X_test = np.arange(90,200,0.5) 
y_test = np.sin(X_test)

# Preprocess the data for the RNN
X_train = X_train.reshape(-1, 1, 1)  # Reshape the input data for RNN

# Create the RNN model
model = tf.keras.Sequential([
    tf.keras.layers.LSTM(32, activation='relu', return_sequences=True, input_shape=(1, 1)),
    tf.keras.layers.LSTM(32, activation='relu',return_sequences=True),
    tf.keras.layers.Dense(1)
])

# Compile the model
model.compile(optimizer='adam', loss='mean_squared_error')

# Train the model
model.fit(X_train, y_train, epochs=100, verbose=0)

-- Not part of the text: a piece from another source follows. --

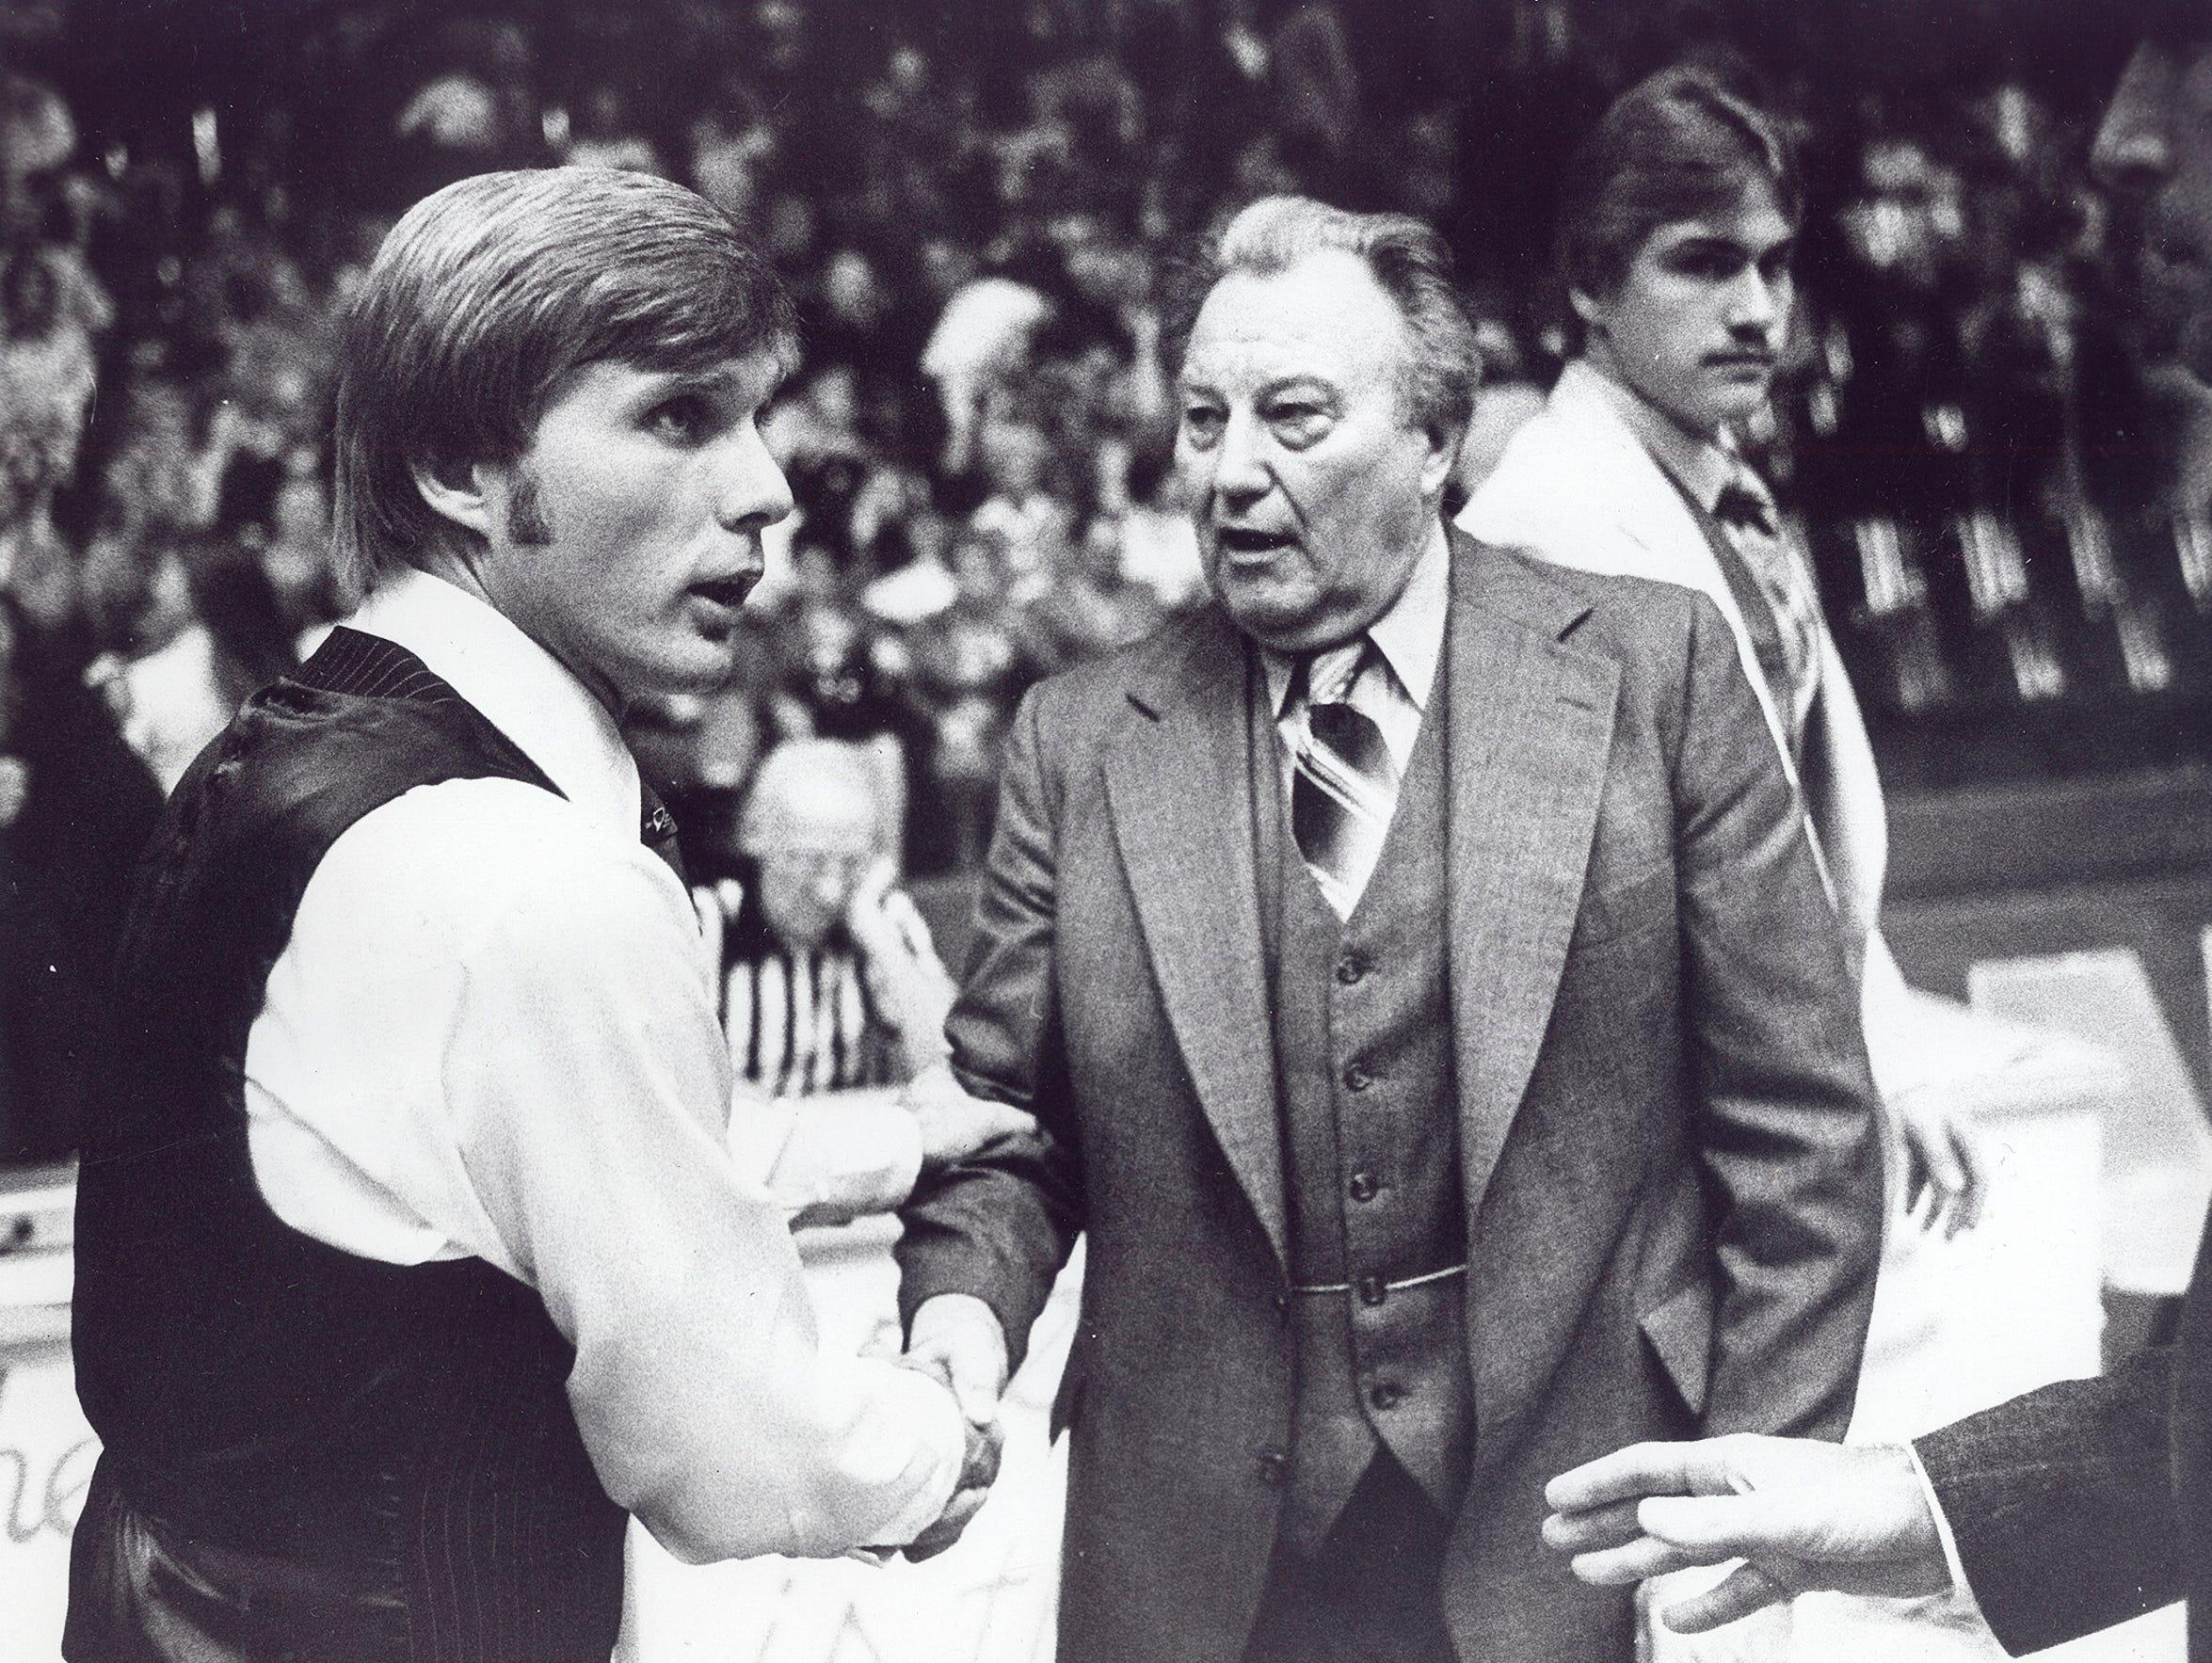 University of Evansville 1978-79 head coach Dick Walters

X_test = X_test.reshape(-1, 1, 1)
y_pred = model.predict(X_test)

print(mse(y_test, y_pred.flatten()))


plt.plot(X_train.flatten(), y_train)
plt.plot(X_test.flatten(), y_test)
plt.plot(X_test.flatten(), y_pred.flatten(), color='green')
7/7 [==============================] - 0s 770us/step
0.5191158924236982

  • Another, improved RNN layer is called a GRU (gated recurrent unit)
  • Perform similarly to LSTM layers and are used in many of the same applications, but are less prone to the vanishing gradient problem
X_train = np.arange(0,100,0.5) 
y_train = np.sin(X_train)

X_test = np.arange(90,200,0.5) 
y_test = np.sin(X_test)

# Preprocess the data for the RNN
X_train = X_train.reshape(-1, 1, 1)  # Reshape the input data for RNN

# Create the RNN model
model = tf.keras.Sequential([
    tf.keras.layers.GRU(32, activation='relu', return_sequences=True, input_shape=(1, 1)),
    tf.keras.layers.GRU(32, activation='relu',return_sequences=True),
    tf.keras.layers.Dense(1)
])

# Compile the model
model.compile(optimizer='adam', loss='mean_squared_error')

# Train the model
model.fit(X_train, y_train, epochs=100, verbose=0)

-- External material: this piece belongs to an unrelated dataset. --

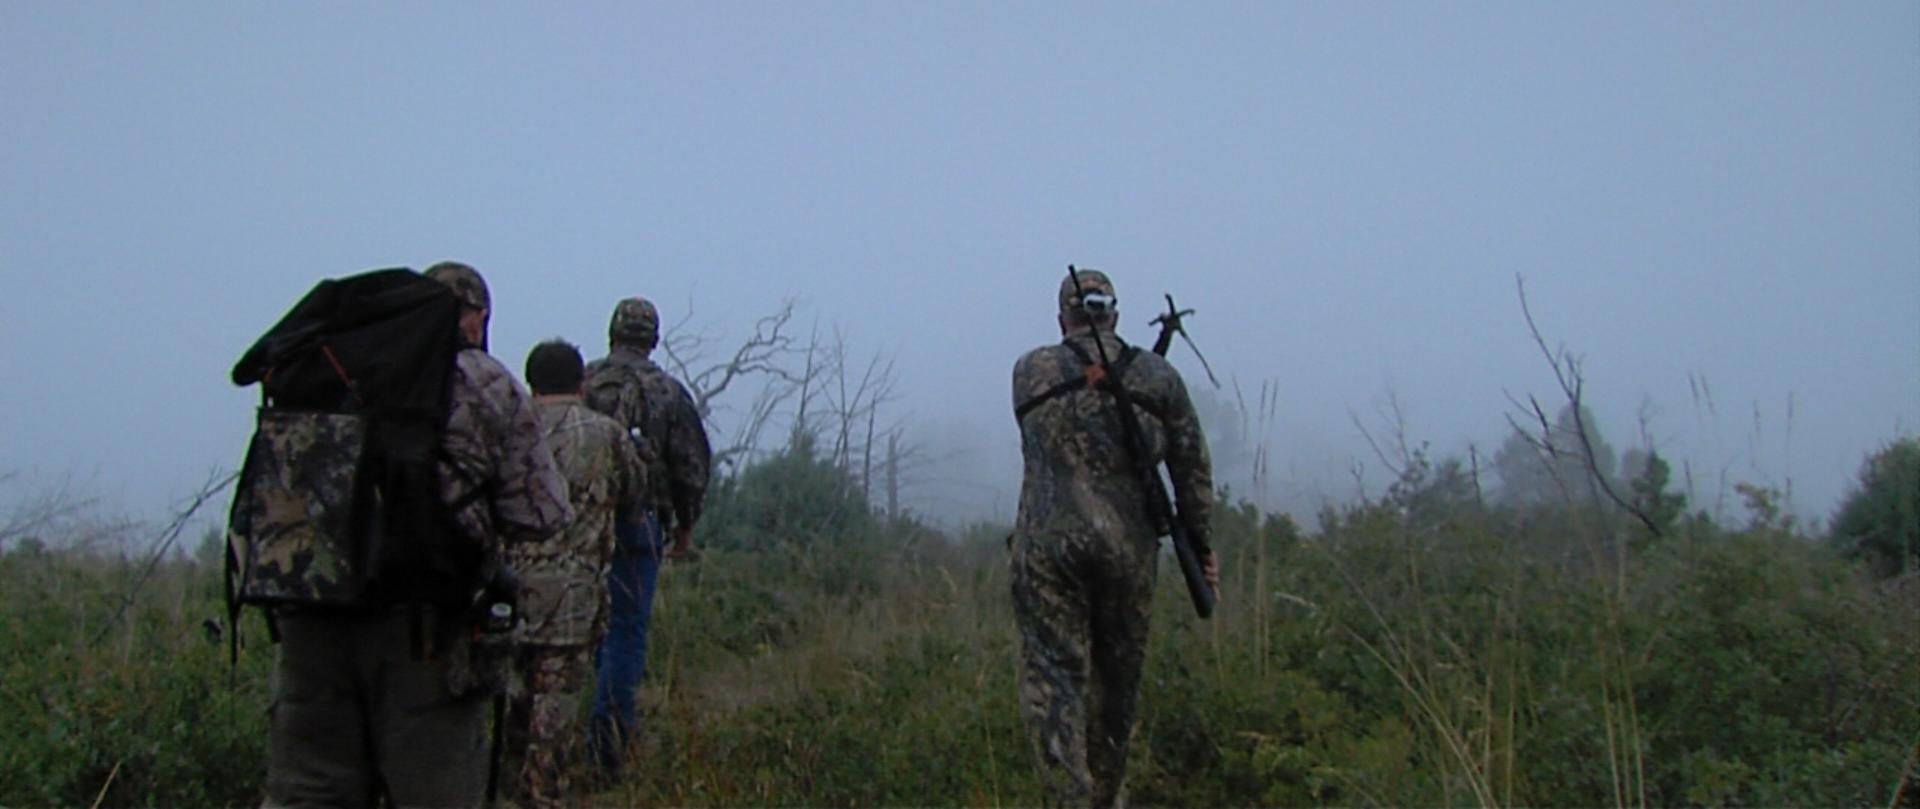 Stalking elk on a misty morning in Mescalero, NM

X_test = X_test.reshape(-1, 1, 1)
y_pred = model.predict(X_test)

print(mse(y_test, y_pred.flatten()))


plt.plot(X_train.flatten(), y_train)
plt.plot(X_test.flatten(), y_test)
plt.plot(X_test.flatten(), y_pred.flatten(), color='green')
7/7 [==============================] - 0s 766us/step
0.5433677944169741

  • All these RNN networks are performing poorly on what should be an easy to recognize long term pattern
  • Perhaps the problem is not the RNNs but on how we are trying to train them.

Traditional Training: \(f(x_i) = y_i\)

Time Series Training: \(f(y_{i-3}, y_{i-2}, y_{i-1}) = y_i\)

  • Limitation: the data must be evenly spaced by some sort of input variable (this is now a hidden variable)

  • Let’s try reformatting our data as a time series and training a very simple RNN

n_features = 1

train_series = y_train.reshape((len(y_train), n_features))
test_series  = y_test.reshape((len(y_test), n_features))

seq  = 20

train_generator = TimeseriesGenerator(train_series, train_series,
                                      length        = seq, 
                                      sampling_rate = 1,
                                      stride        = 1,
                                      batch_size    = 10)

test_generator = TimeseriesGenerator(test_series, test_series,
                                      length        = seq, 
                                      sampling_rate = 1,
                                      stride        = 1,
                                      batch_size    = 10)
n_neurons  = 4
model = tf.keras.Sequential()
model.add(tf.keras.layers.LSTM(n_neurons, input_shape=(seq, n_features)))
model.add(tf.keras.layers.Dense(1))
model.compile(optimizer='adam', loss='mse')

model.fit(train_generator,epochs=300, verbose=0)

y_pred  = model.predict(test_generator)

print(mse(y_test[20:], y_pred.flatten()))

plt.plot(X_train.flatten(),y_train)
plt.plot(X_test.flatten(),y_test)
plt.plot(X_test[20:].flatten(),y_pred)
20/20 [==============================] - 0s 1ms/step
8.970706534730378e-06

  • Even with an exceedingly small and simple RNN, it was able to capture the patterns in the data using the time series data formatting.
  • This is how all RNNs are taught sequential data, even text/natural language processing (more on this next week!)